The final guidelines still require several other lines of defense beyond the front line, including the formation of a independent risk management unit that reports to the chief executive officer; and an internal audit group that oversees top officials on down. Each group has an extensive list of criteria to meet.

The OCC has "been practical in making adjustments that recognize certain realities about how the industry operates and how these standards are working in practice but they haven't pulled back," Williams said. "The front lines still need to recognize, monitor, manage, control and report on their risks. The independent risk management line has to be rigorous and the audit group has to be proactive."

The OCC also eased some of the duplication for some banks to be able to use the expertise of the parent company, such as sharing a chief audit officer, under certain circumstances. This was seen as an improvement from the proposal, which said the only time a bank could share risk management functions with a parent was if 95% or more of its average total assets also represent the holding company's assets. The final guidance upheld that rule but added that it would consider "other factors" to include banks that sent a written request showing their risk profile is similar to the parent.

Observers said it may take time for the OCC to begin using the guidance in enforcement actions, since it needs to give banks time to implement the new standards.

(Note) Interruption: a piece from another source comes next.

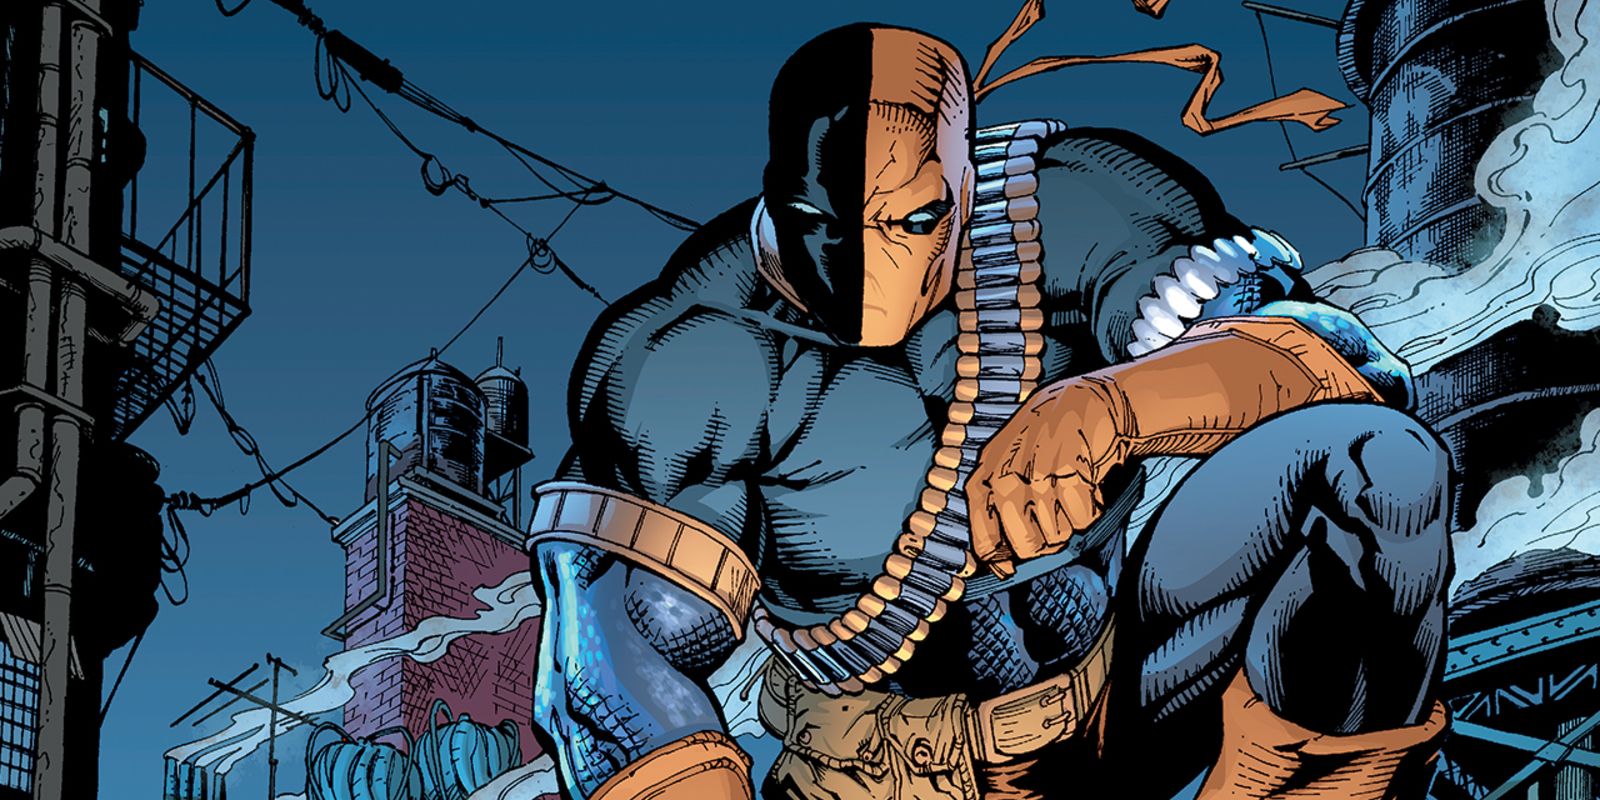 Deathstroke perched on a rooftop in DC Comics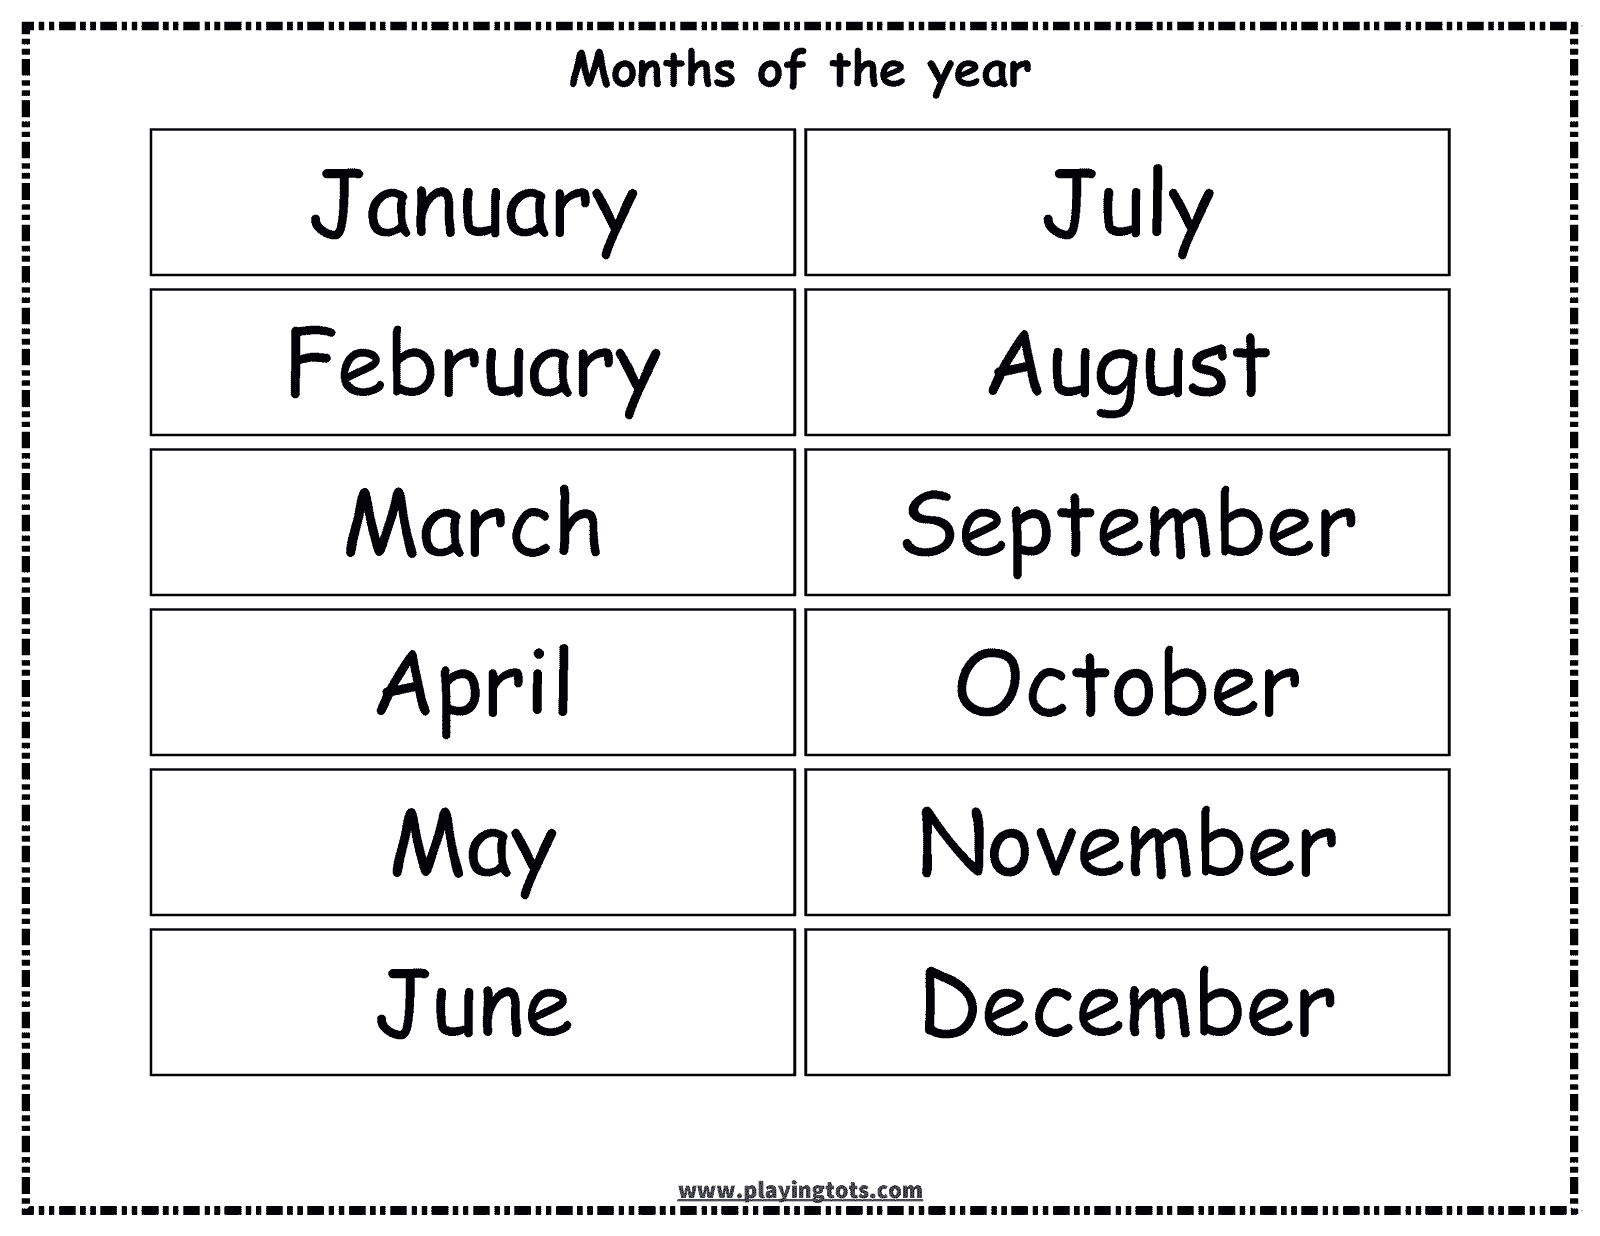 months-of-the-year-printable-worksheets-worksheetscity

The OCC has set up a tiered implementation deadline, starting with 60 days after the guidance is published in the Federal Register for the largest banks, and up to 18 months for those with average total assets of $50 billion to $100 billion.

The OCC official said examiners have applied the heightened expectations to large national banks since 2010 and will follow the tiered implementation approach as outlined in the guidance during exams going forward.

"If a covered bank fails to meet a standard prescribed by guideline, the OCC has the discretion to require the bank to submit a plan specifying the steps it will take to comply with the standard," the official said. "The OCC may issue an enforceable order [by law] if the institution, after notification that it is violating a safety and soundness standard, fails to submit an acceptable compliance plan, or fails in any material respect to implement an accepted plan. In those cases, the OCC has a spectrum of enforcement tools available ranging from formal agreement, to cease-and-desist orders and civil money penalties based on the specific facts of each case."